If you have black socks and brown socks in your drawer mixed in a ratio of 4 to 5, how many socks will you have to take out to make sure that you have a pair the same color?
Minimum number of socks is three (3).
This is tricky question. The answer is 3 minimum pairs.
First thing, The question does not insist upon the number of trails that you may make in order to get the same coloured pairs. It simply asks for the minimum number of socks required.
The second thing, mixed in the ratio of 4 to 5 is redundant and is not required for getting to the answer.
Well, that's a tricky sock situation you've got there! To guarantee a matching pair, you must have at least three socks. Let me explain: if you pick out two socks and they happen to be the same color, congratulations! You've got a pair. On the other hand (or foot), if you pick out two socks of different colors, say black and brown, you'll need to pick just one more sock to ensure you have at least one pair of the same color.

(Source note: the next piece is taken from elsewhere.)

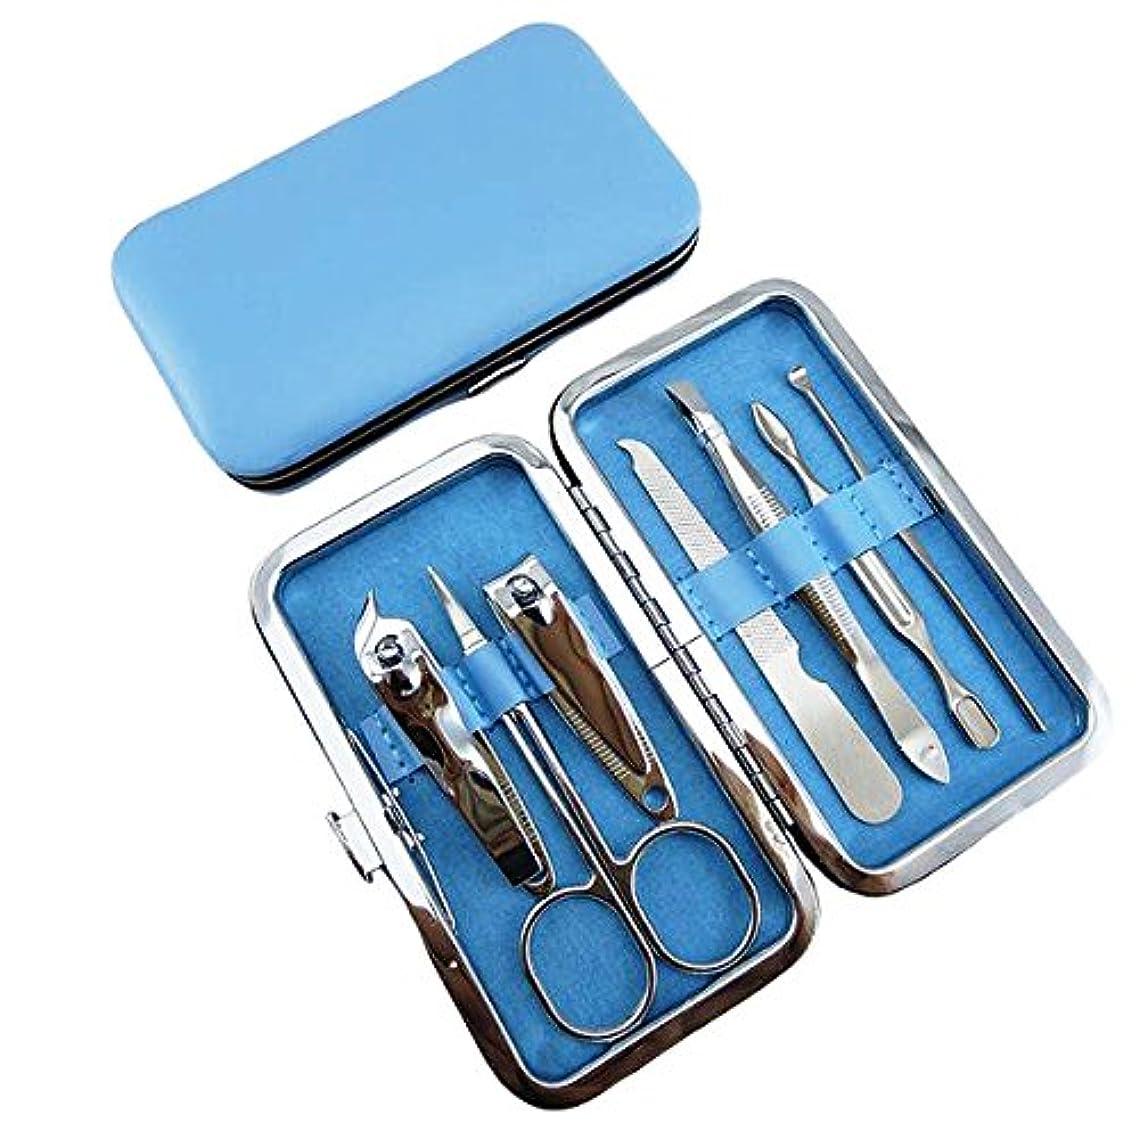 クローンメトリック部ネイルケア セット 爪切りセット 6セット 携帯便利グルーミング (ブルー)

So, three socks is the answer! Just remember, the more socks you pick, the greater the chance of finding a matching pair—and the more fun sock puppet shows you can have!
To determine the minimum number of socks you need to take out to ensure you have a pair of the same color, you'll need to apply the Pigeonhole Principle.
In this case, we have black socks and brown socks in a ratio of 4 to 5. To guarantee a pair of the same color, we need to find the worst-case scenario. This means we assume that every time we pick a sock, it will be of a different color than the previous one.
Starting with the assumption that all the black socks are picked first, we calculate the maximum number of socks needed to exhaust the supply of black socks. Since there is a ratio of 4 black socks to 5 brown socks, and we want to find the maximum number of black socks, we can divide the total number of socks by the sum of the ratios (4 + 5 = 9). Let's assume we have 9x socks (where x is a positive integer). In this situation, we have 4x black socks and 5x brown socks.
Now, we calculate the maximum number of black socks that can be picked before encountering a brown sock:
Total number of socks - Maximum number of black socks = Maximum number of brown socks
(9x) - (4x) = 5x
Therefore, to ensure we have at least one pair of black socks, we need to pick a maximum of 5x + 1 sock.
In other words, you need to take out a minimum of (5x + 1) socks, where x is a positive integer.
assuming you have full pairs, then the minimum number of socks is 8+10 = 18.
So, you need to take out 9 socks to be sure there is at least one of each color.